The exact date that Mount Tambora erupted is lost to obscurity since the populace of the area was mostly killed. Those who were far enough for safety yet near enough to note the event didn’t make a priority of recording the date. Best estimates of modern science make the date for 10 April 1815.
The eruption event blew 100 cubic kilometers of pyroclastic trachyandesite into the air, and ripped about 4,000 feet off the top of the caldera—leaving the once 13,000 foot hight peak at about 9,000 feet. The explosion threw enough debris into the air that a mild volcanic winter resulted; it caused crop-killing frosts in North America in June, and dubbed 1816 to be The Year Without a Summer.

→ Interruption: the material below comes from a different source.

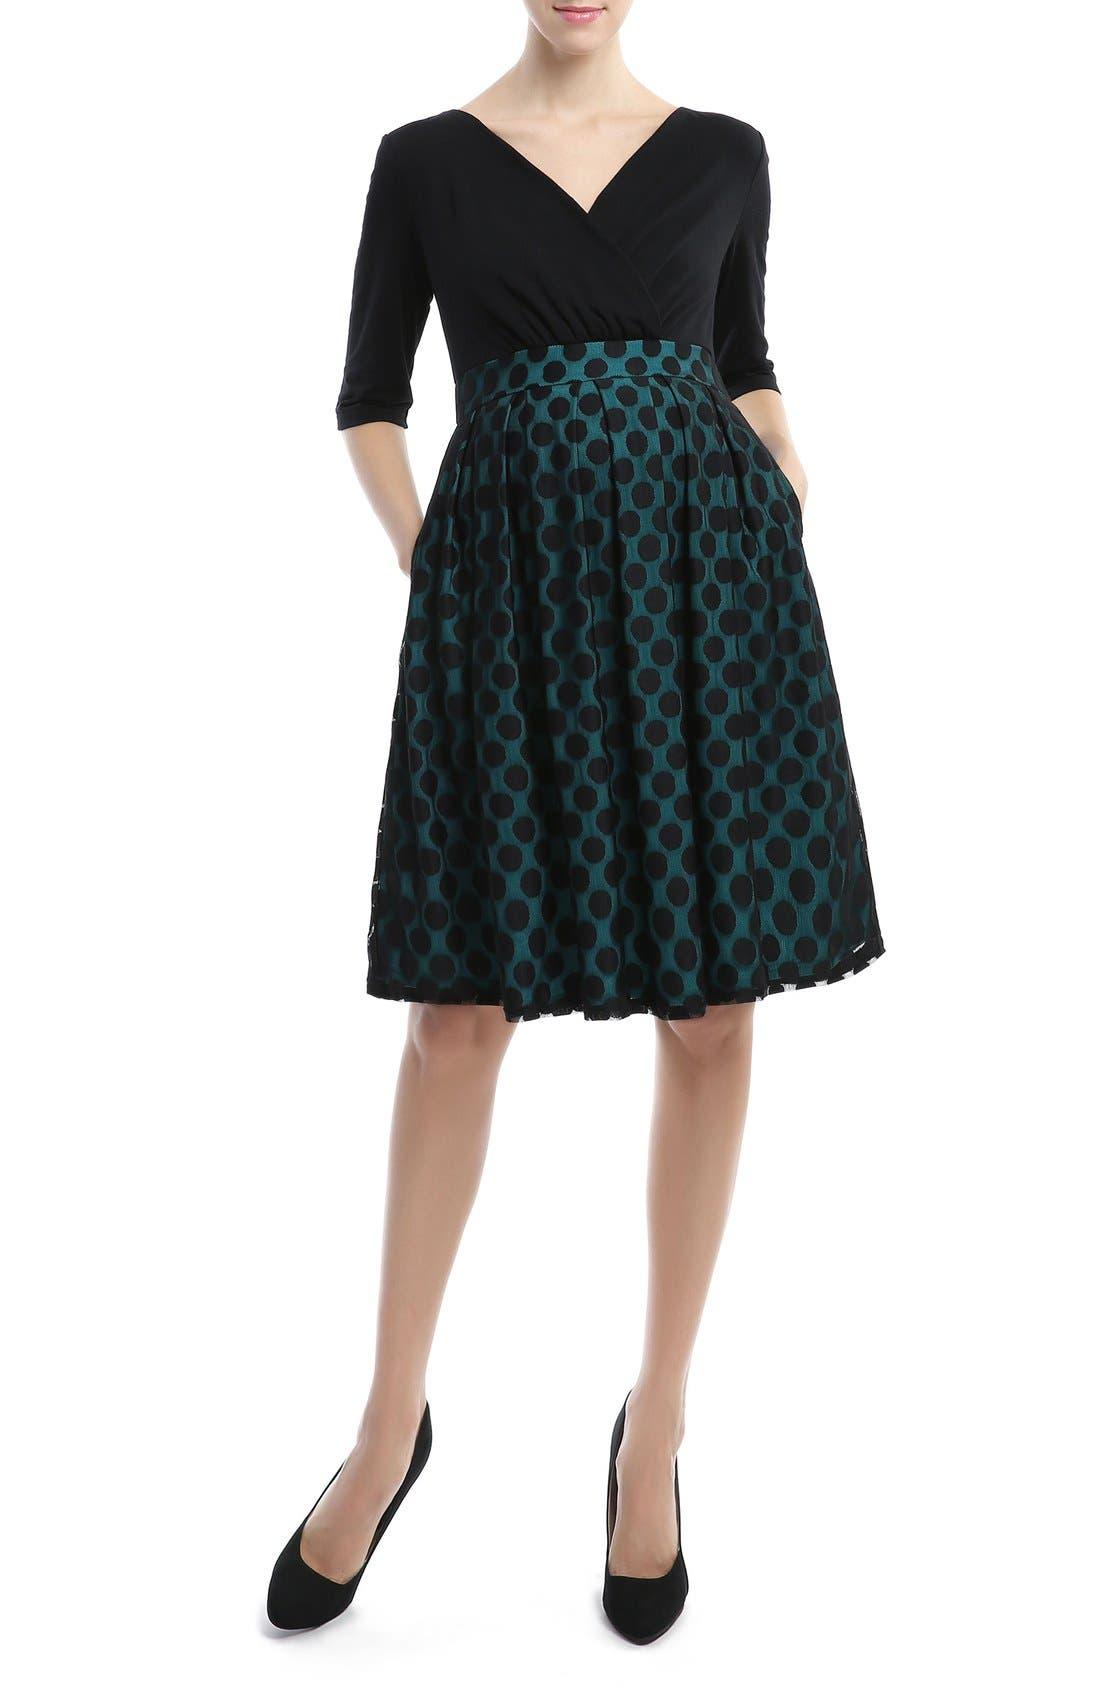 'Liliana' Polka Dot Lace Maternity Dress,                         Main,                         color, Black/ Teal

In North America, June generally brought average temperatures of about 68-77° Fahrenheit; in June of 1816 there were major snowstorms in Pennsylvania, crops were killed by frost, and rivers remained iced over. Food was scarce, and most items that were harvested were triple the price they had been the year previous. It’s impossible to know how many died from the resulting famine.
At the time, there was no known cause for the freakish weather, though Benjamin Franklin and his experiments with lightning were sometimes blamed for altering nature. Some think that the cold spurred expansion into the American midwest.
But one positive effect of the explosion: all the ash in the upper atmosphere makes for some colorful sunsets.